Quality guidelines - specific guidelines- Avoid hidden text or hidden links.
- Don't use cloaking or sneaky redirects.
- Don't send automated queries to Google.
- Don't load pages with irrelevant keywords.
- Don't create multiple pages, subdomains, or domains with substantially duplicate content.
- Don't create pages that install viruses, trojans, or other badware.
- Avoid "doorway" pages created just for search engines, or other "cookie cutter" approaches such as affiliate programs with little or no original content.
- If your site participates in an affiliate program, make sure that your site adds value. Provide unique and relevant content that gives users a reason to visit your site first.
I do believe that these should be guidelines for sites, but when you put them into practice some have ground to stand on. The main one which is one of the most concered with most vbulletin site owners is the duplicate content theory.

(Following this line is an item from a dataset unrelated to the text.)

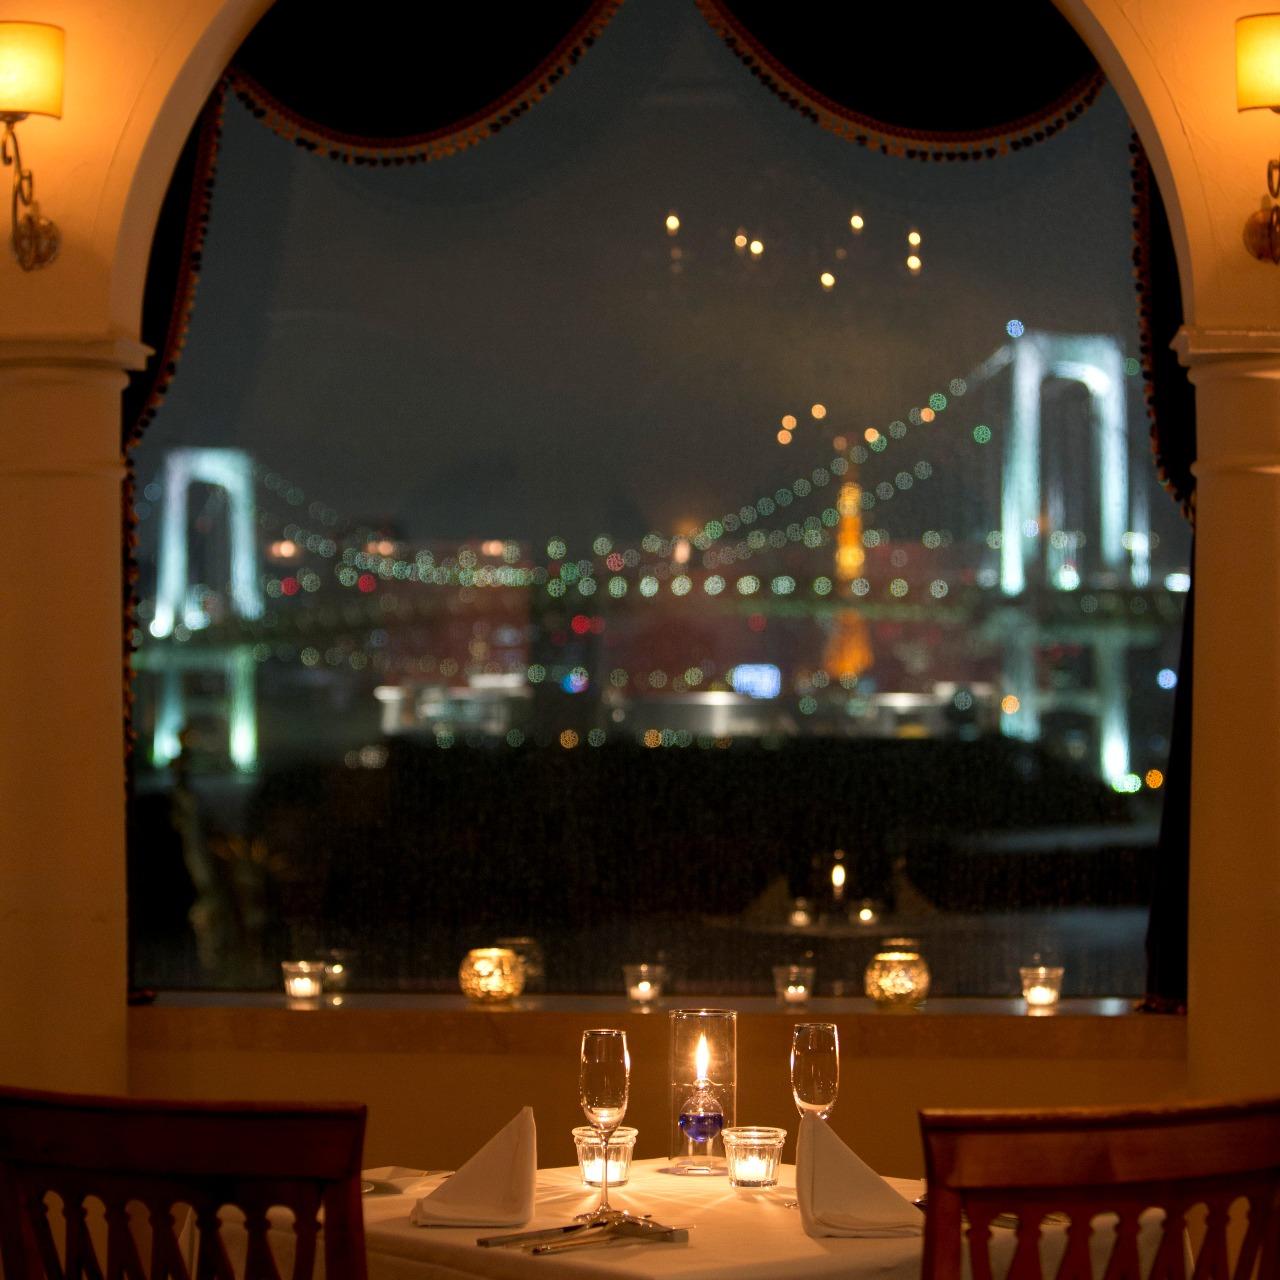 東京タワー周辺のレストランでご飯!おすすめ店まとめ!安い人気店もあり!

I know this is suppose to be looked down upon but I have put this to the test for a long time and although I know CM and Loco will disagree with me its true, duplicate content in all essence of the idea really isn't something to worry about. For that matter content just matters how often your site is found on google.
I tried duplicate content in so many ways, they all was listed faster then anything and was ranked atleast to a PR3 or PR4. Even pages with no content besides a header and footer was still ranked with a PR3.

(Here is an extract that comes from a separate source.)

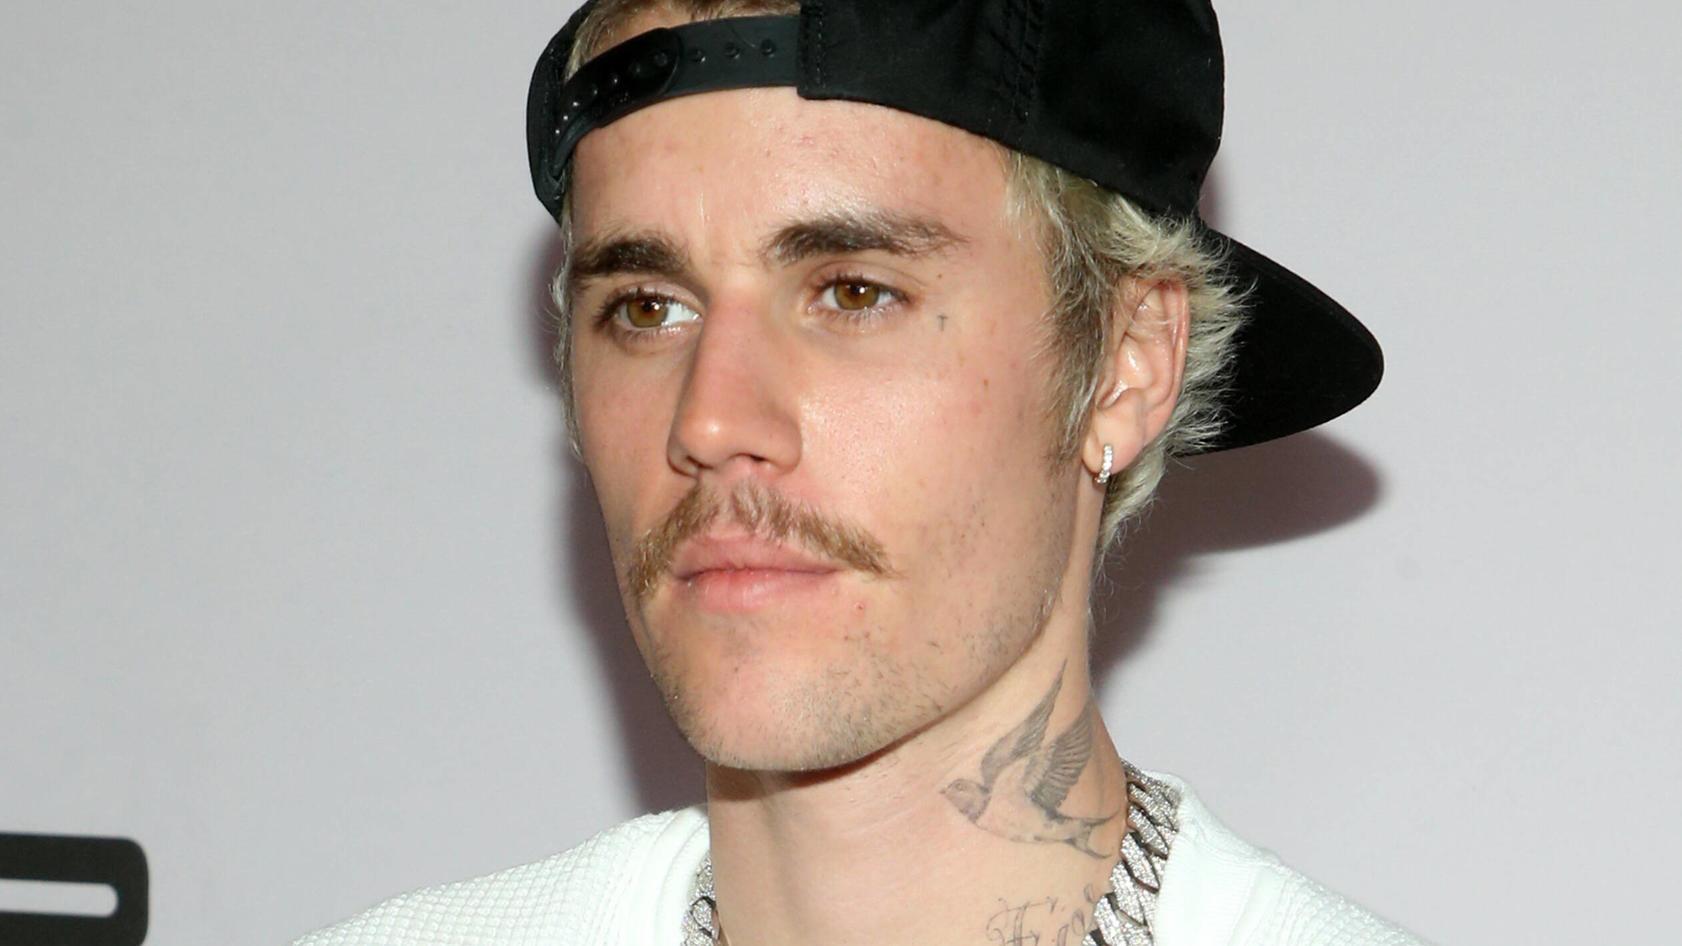 Als Justin Bieber eine geheimnisvolle Telefonnummer auf Twitter postet, rasten die Fans völlig aus.

If you really think about it long enough, consider what exactly would make duplicate content affect a site negatively. Estimate atleast 90% of vbulletin sites have the default header, navigation and footer. Profiles and memberlists are going to have similar content.
The next thing is just content. I actually bought a new domain just to test this out. I made a site with no content, yes just a site with a blank html page. All I did was put tons of links out on the site. Most links were text using the single word site. The site instantly went to a PR3. Yes a PR3 isn't very high but much higher then a site with no content should have.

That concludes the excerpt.